When you return the material, keep every line exactly as it is and omit the pictures.
---------- Input data
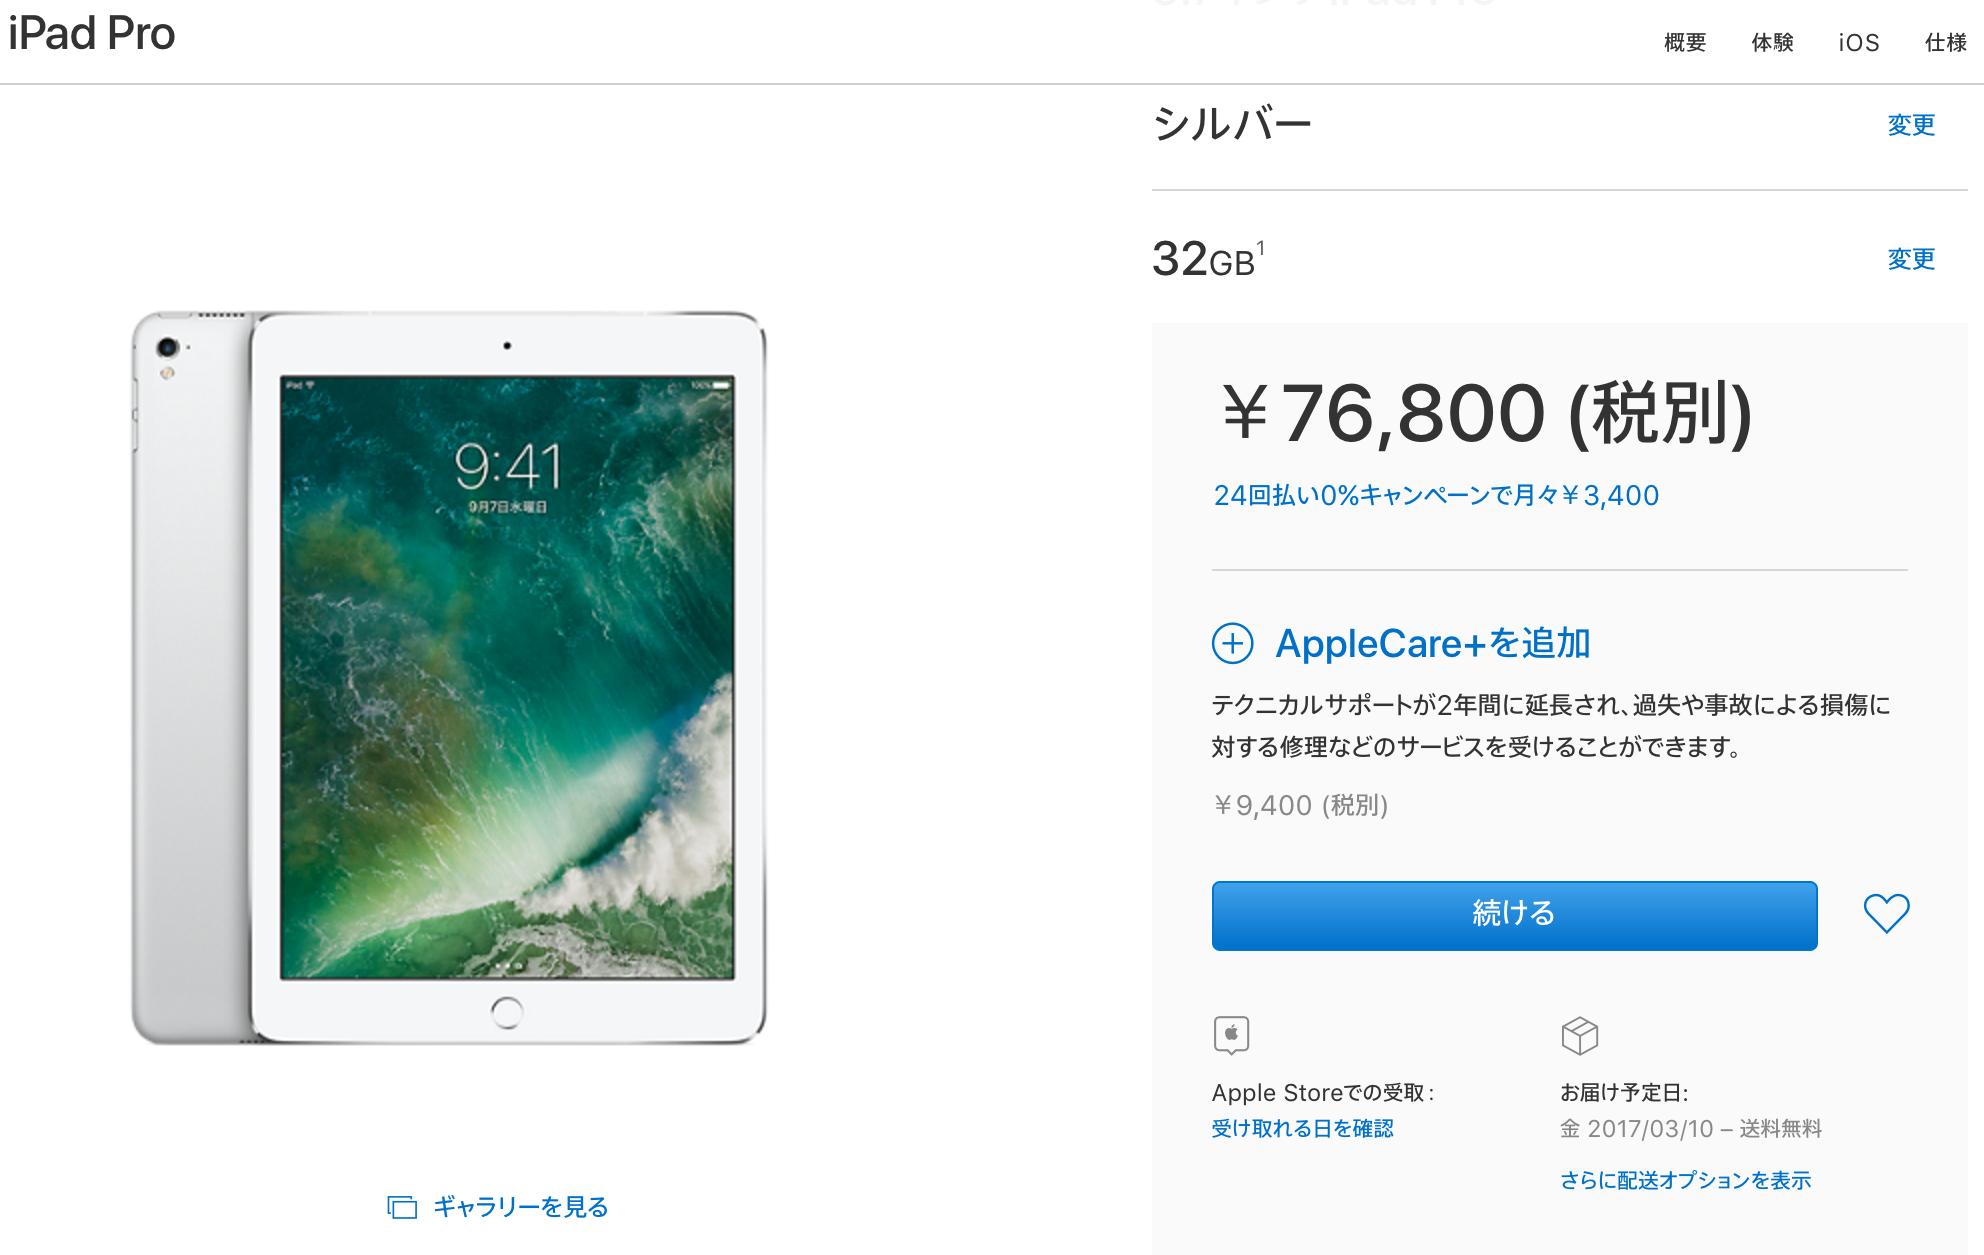 やはりiPad Pro2は4月に発売の模様。ただ、4月4日は誤報?10.5インチモデルのみ?
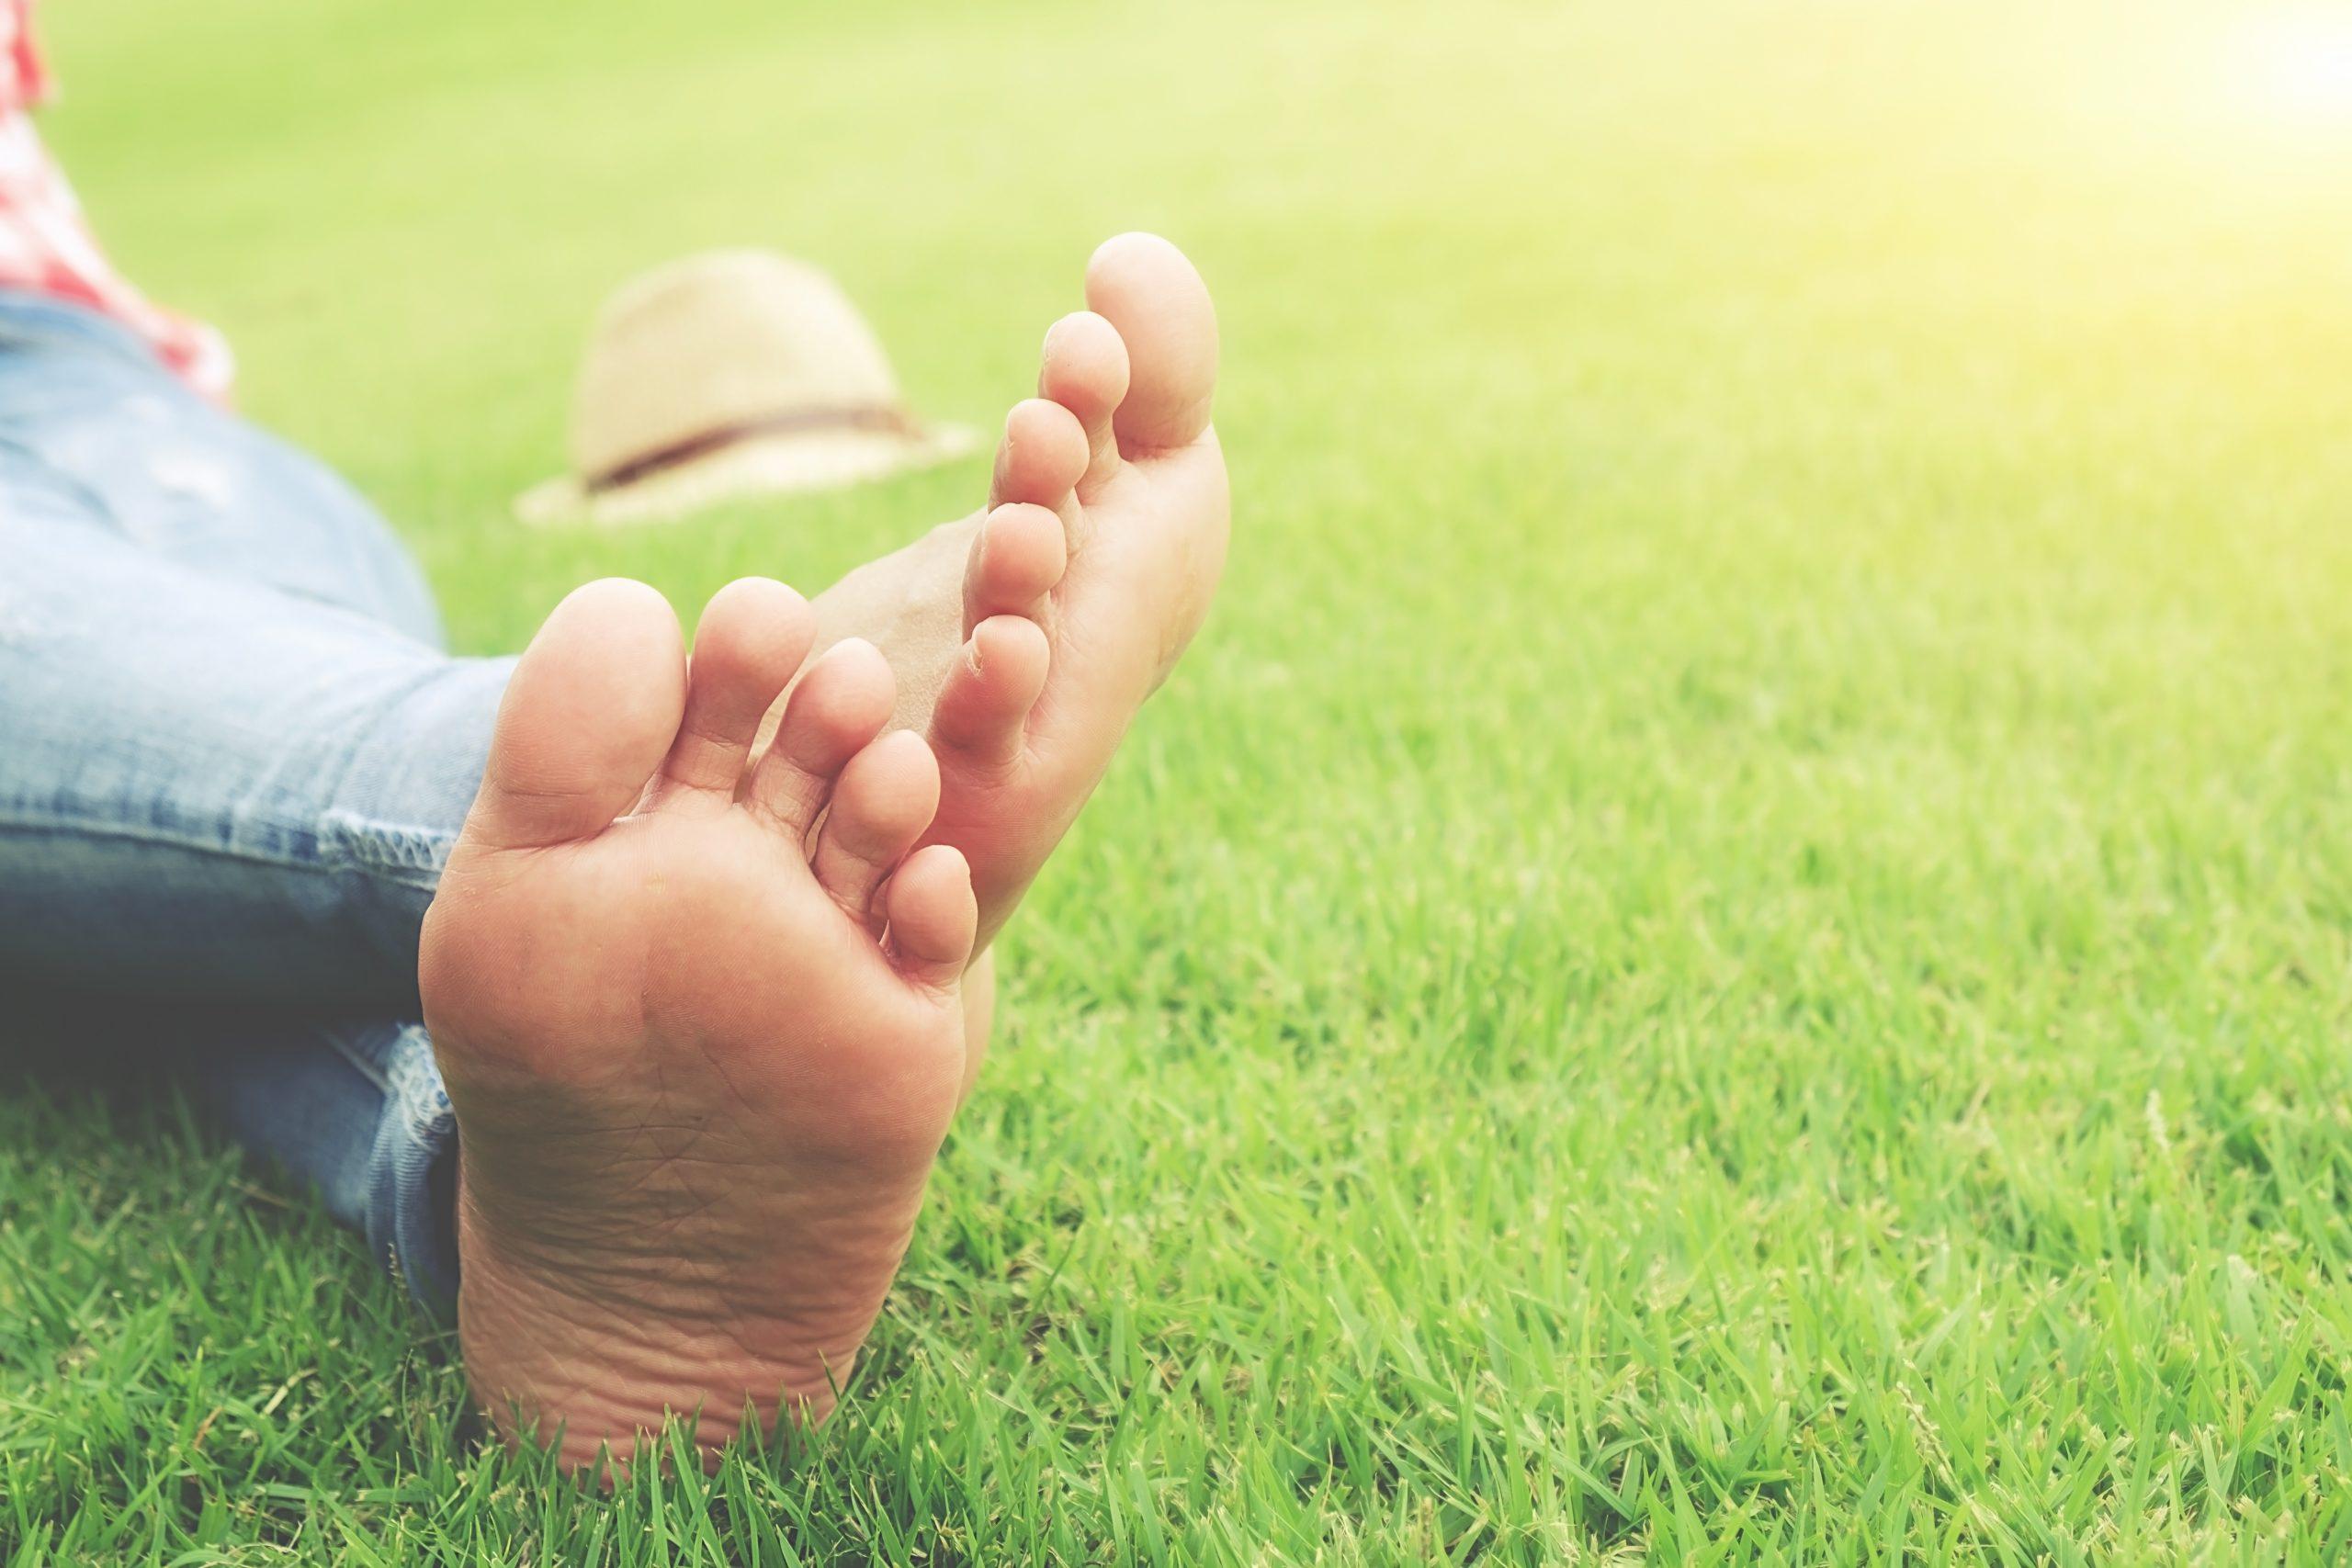 Andar descalzo refuerza los músculos del pie
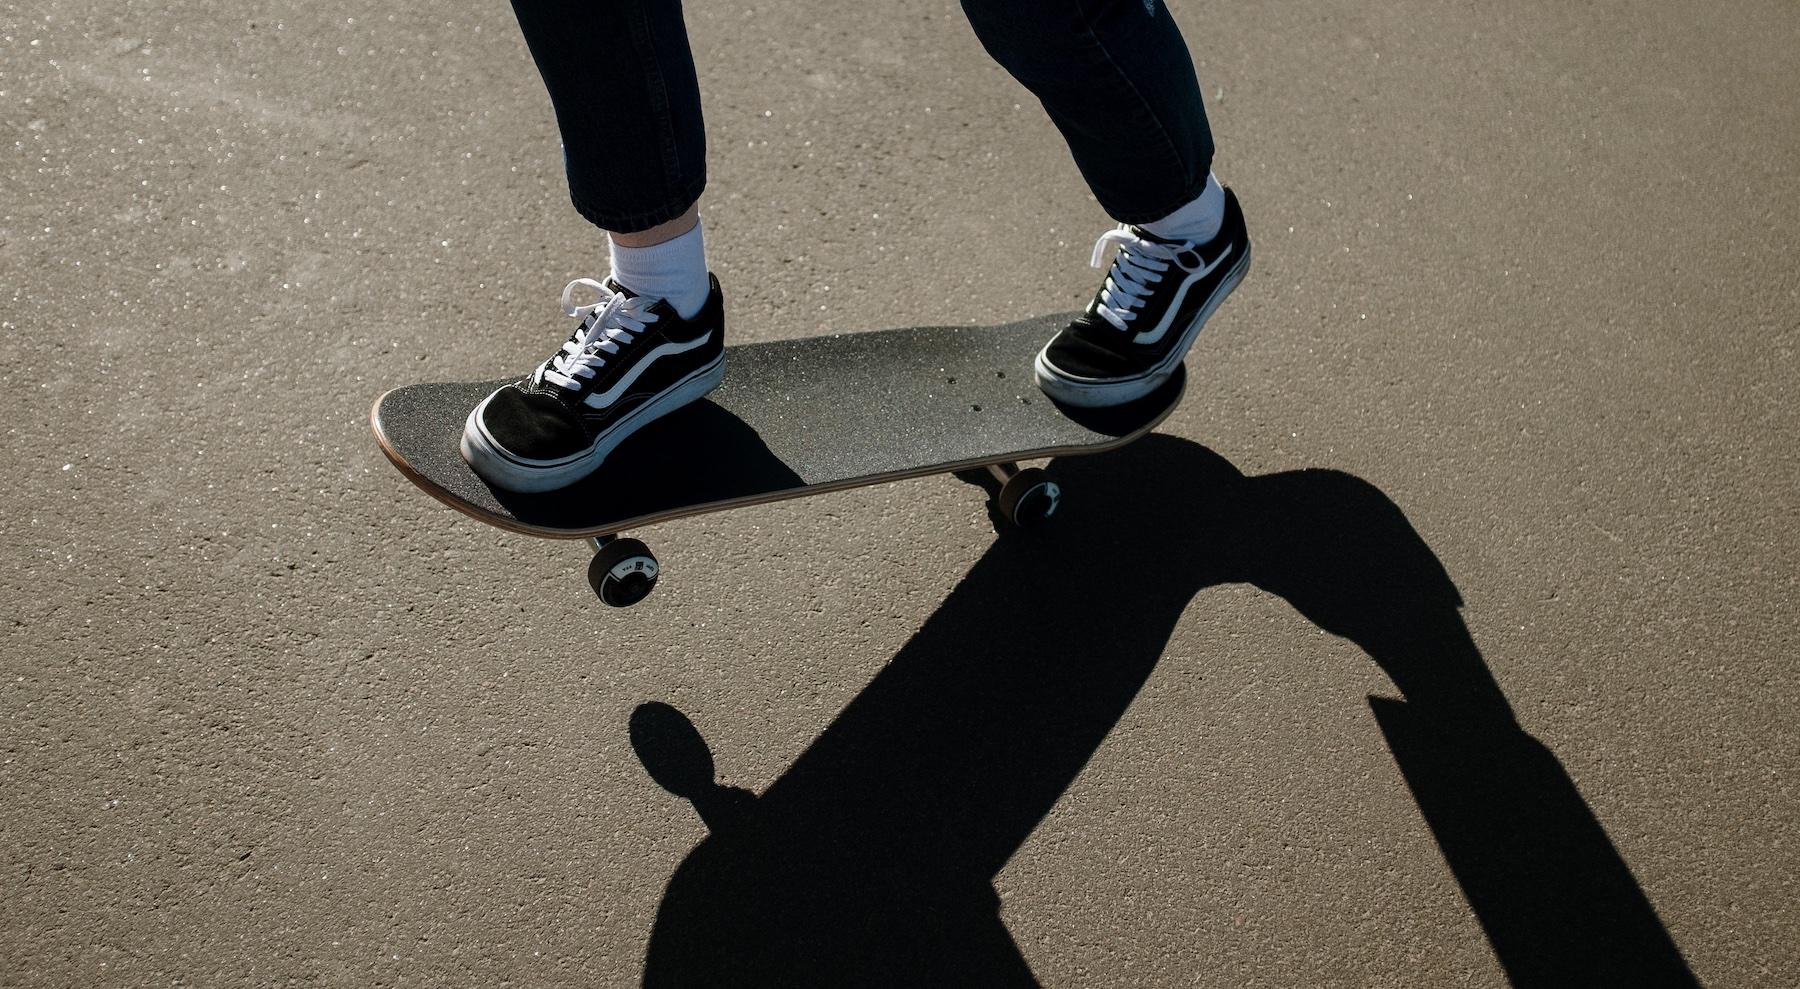 Skateboard & Longboards
--------------------
▶ **Problem solution**:
 やはりiPad Pro2は4月に発売の模様。ただ、4月4日は誤報?10.5インチモデルのみ?
 Andar descalzo refuerza los músculos del pie
 Skateboard & Longboards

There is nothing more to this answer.